Brendon McCullum is England's new men's Test coach (Adrian Dennis/AFP via Getty Images)

That explanation didn't seem to convince Becky Fairlie-Clarke, the CEO of the Cricket Supporters' Association. She makes the point that, while those cut-price tickets look attractive, there are relatively few of them. And she claims "many supporters" have cited the "high price of tickets" as a reason for not attending.

"Obviously there are a variety of contributing factors," Fairlie-Clarke said, "but the high price of tickets is undoubtedly one of them. In these uncertain times, we've been told of many supporters who couldn't afford the tickets in the first place or were unsure about buying tickets early and are now faced with astronomically high prices (£110-£160 per ticket with no concessions for under 16s) which they just can't afford.

"We (the CSA) are frustrated because once again the cricketing authorities aren't thinking about fans, about getting kids and families to a Test match or about making sure cricket is welcoming and accessible.

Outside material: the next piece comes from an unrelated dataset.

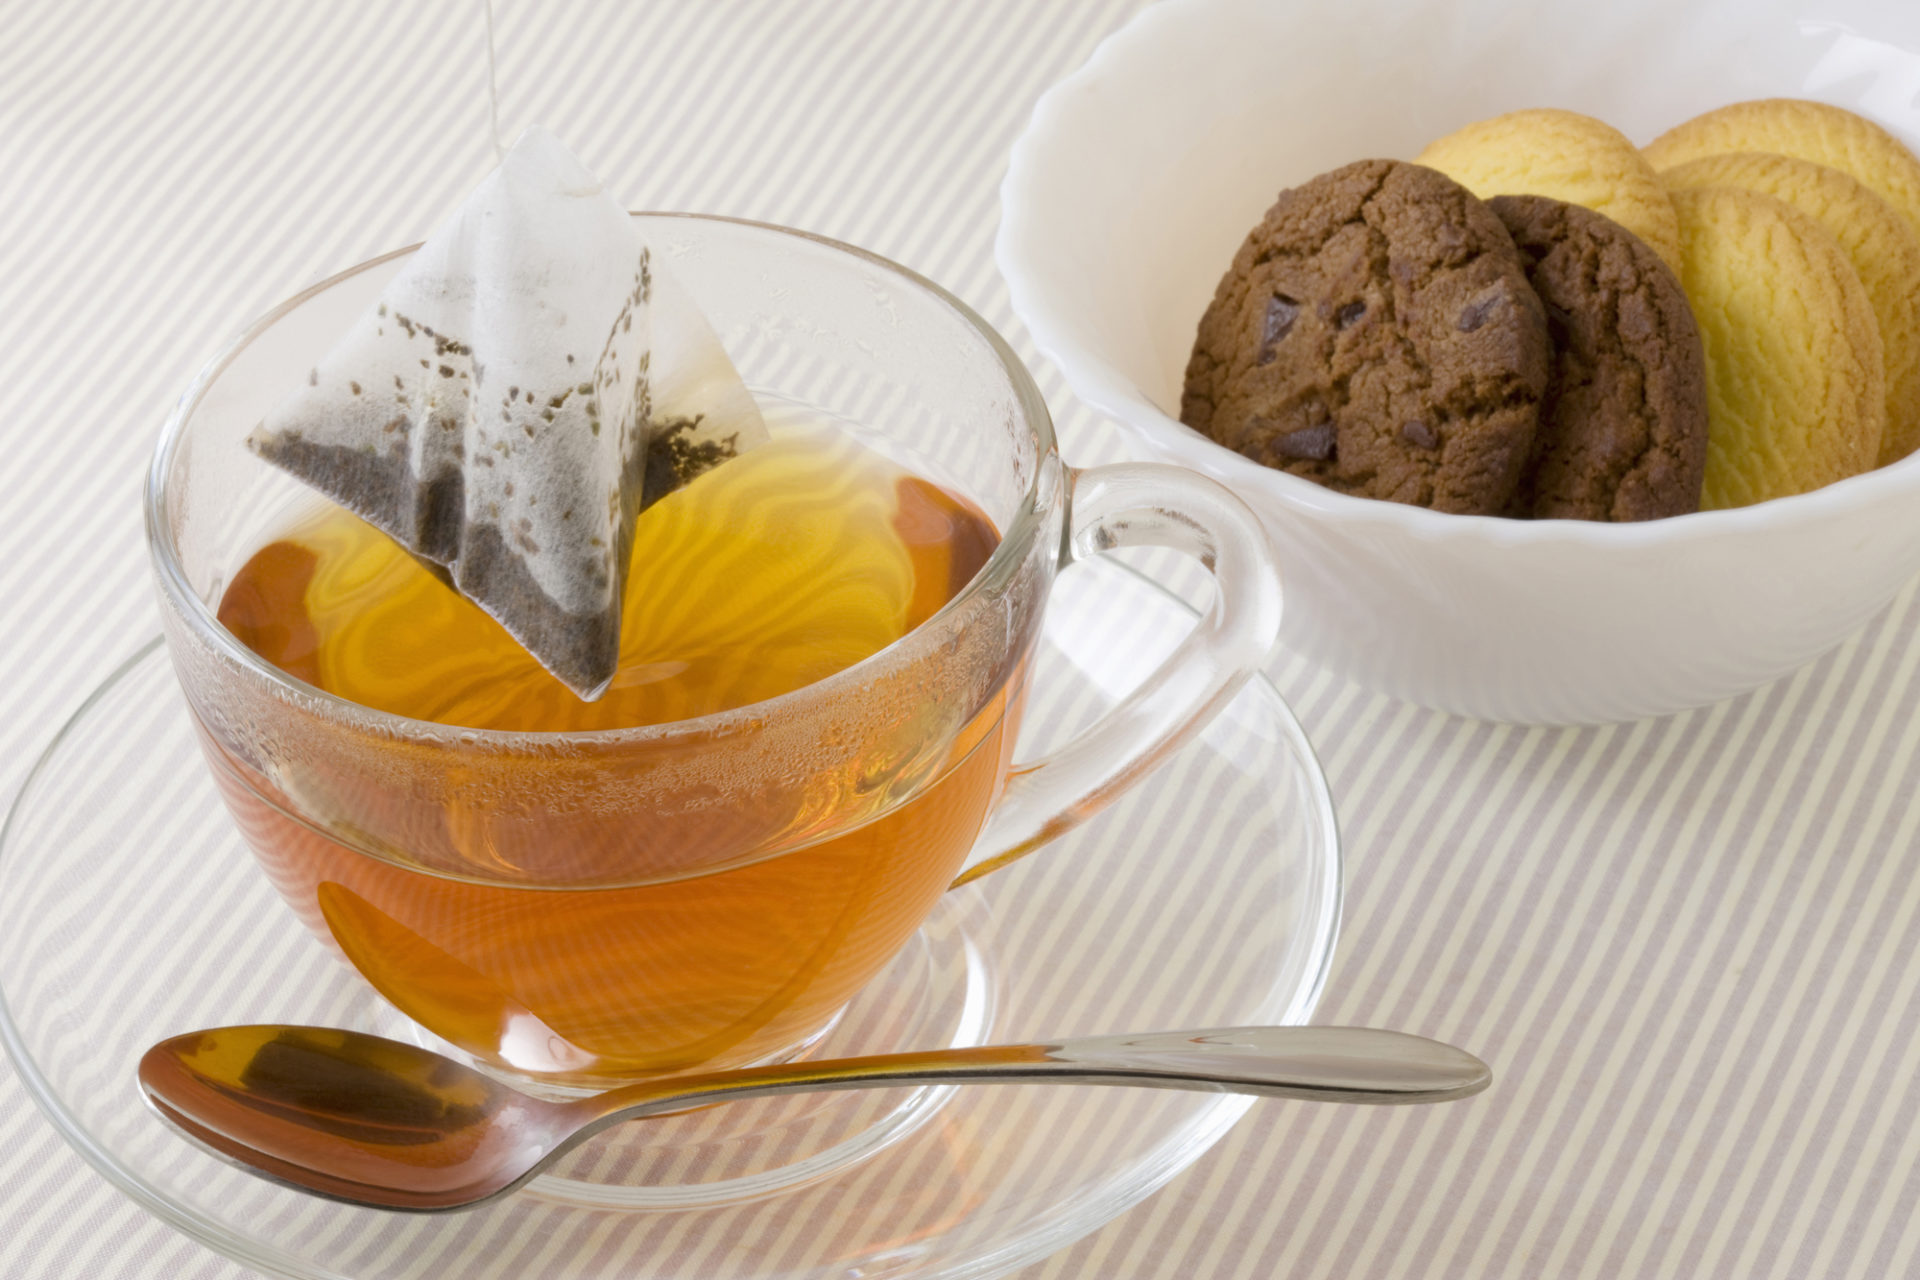 紅茶を肥料として再利用する際の注意点

"The MCC would have known ticket sales were down weeks ago and so could have opened up the ticket sales with a different pricing structure for this particular game. It isn't rocket science, but this could have been a great opportunity to showcase Test cricket to a wider audience at one of the best grounds in the world."

The modest sales figures are something of a surprise, though. With an exciting new pairing of captain and coach, there would have been hopes that spectators might have been inspired to attend. This was a point referenced by Stuart Broad at Lord’s on Tuesday, who reiterated the team's commitment to play an attractive "style of cricket".

"It's not just results, it's the style of cricket [that’s important]," Broad said. "From the outside when you see Brendon McCullum and a Ben Stokes mindset come together it's pretty exciting.

"To attract the fans, we have to build on that style of cricket and have a style that people want to watch. Trent Bridge has sold out for the first three days, so there is still that support for the team. From a player's point of view, we have to make that commitment that we want to be exciting and draw people through the gates."

There may be a long-term benefit to all this. If cricket's authorities realise that spectators cannot be taken for granted, if they realise they have to reach beyond their normal demographic, if they understand that the current direction of the game has taken the sport down a dangerous cul-de-sac, this could prove a catalyst for change. If it doesn't, we may have to get used to banks of empty seats.